RUBENS, Peter Paul
(b. 1577, Siegen, d. 1640, Antwerpen)

The Triumphal Entry of Henry IV into Paris

1627-30
Oil on canvas, 380 x 692 cm
Galleria degli Uffizi, Florence

This painting was intended for the end wall of the east gallery of the Palais du Luxembourg, Paris, as the climactic scene in a cycle of twenty-four canvases depicting the Life of Henry IV. The pendant Life of Marie de' Medici, also consisting of twenty-four canvases (Musée du Louvre, Paris), was completed and installed in the west gallery of the palace by February 1625. Rubens had signed the contract for all forty-eight canvases on February 24, 1622. However, work on the Henry cycle was not begun before late 1627, and was then interrupted by the seven months Rubens spent in Madrid (1628-29) and nine months in London (1629-30). In the end, the decoration of the second gallery in the Queen Mother's residence was never completed, due to political opposition and Marie's exile to Brussels in 1631. In Rubens's estate inventory, six large, unfinished paintings depicting triumphs or battles of Henry IV are recorded, of which five are known today (two are in the Uffizi; the others are in the museums of Göteborg and Munich, and in the Rubenshuis, Antwerp). Also known are four oil sketches for the Henry cycle that do not correspond to surviving canvases.
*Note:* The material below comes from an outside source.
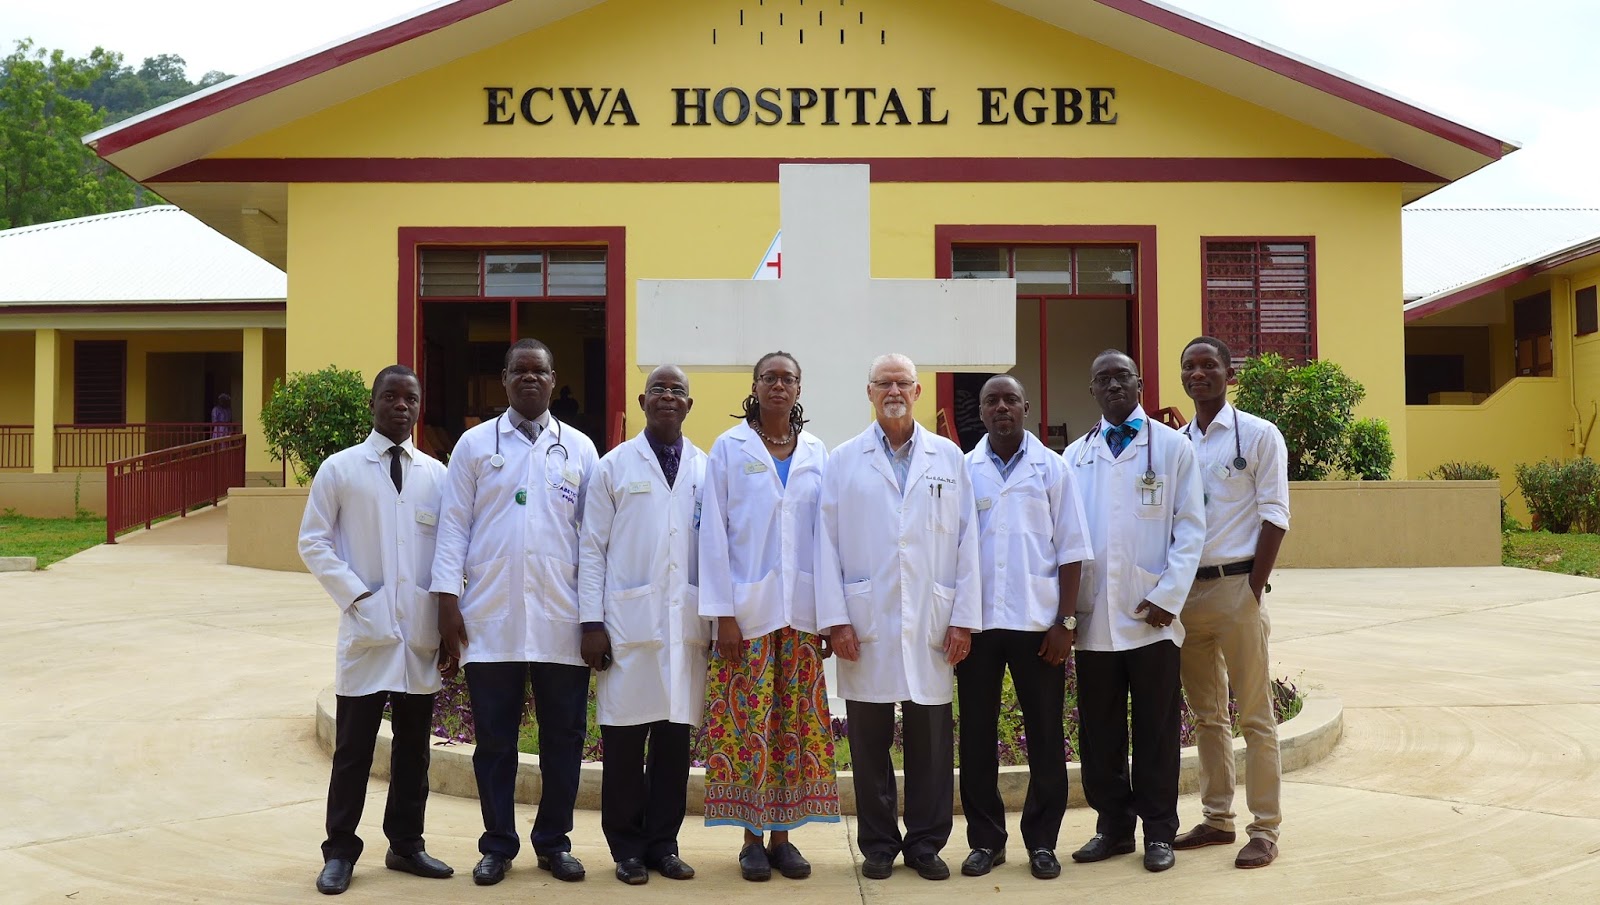 No Better Time Than Now to Serve Your Medical Mission at ECWA Hospital Egbe, Nigeria

Rubens's work on this composition illustrates his extraordinary ability to synthesize visual and symbolic ideas. The final composition is at once a representation of the king's actual victories in the 1590s and a grand classical metaphor which sums up in a single glance the scenes that the viewer would then have seen sequentially in the long gallery devoted to the Life of Henry IV. The failure of the project, through no fault of his own, was probably Rubens's greatest disappointment in a career distinguished by several successes on a similarly ambitious scale.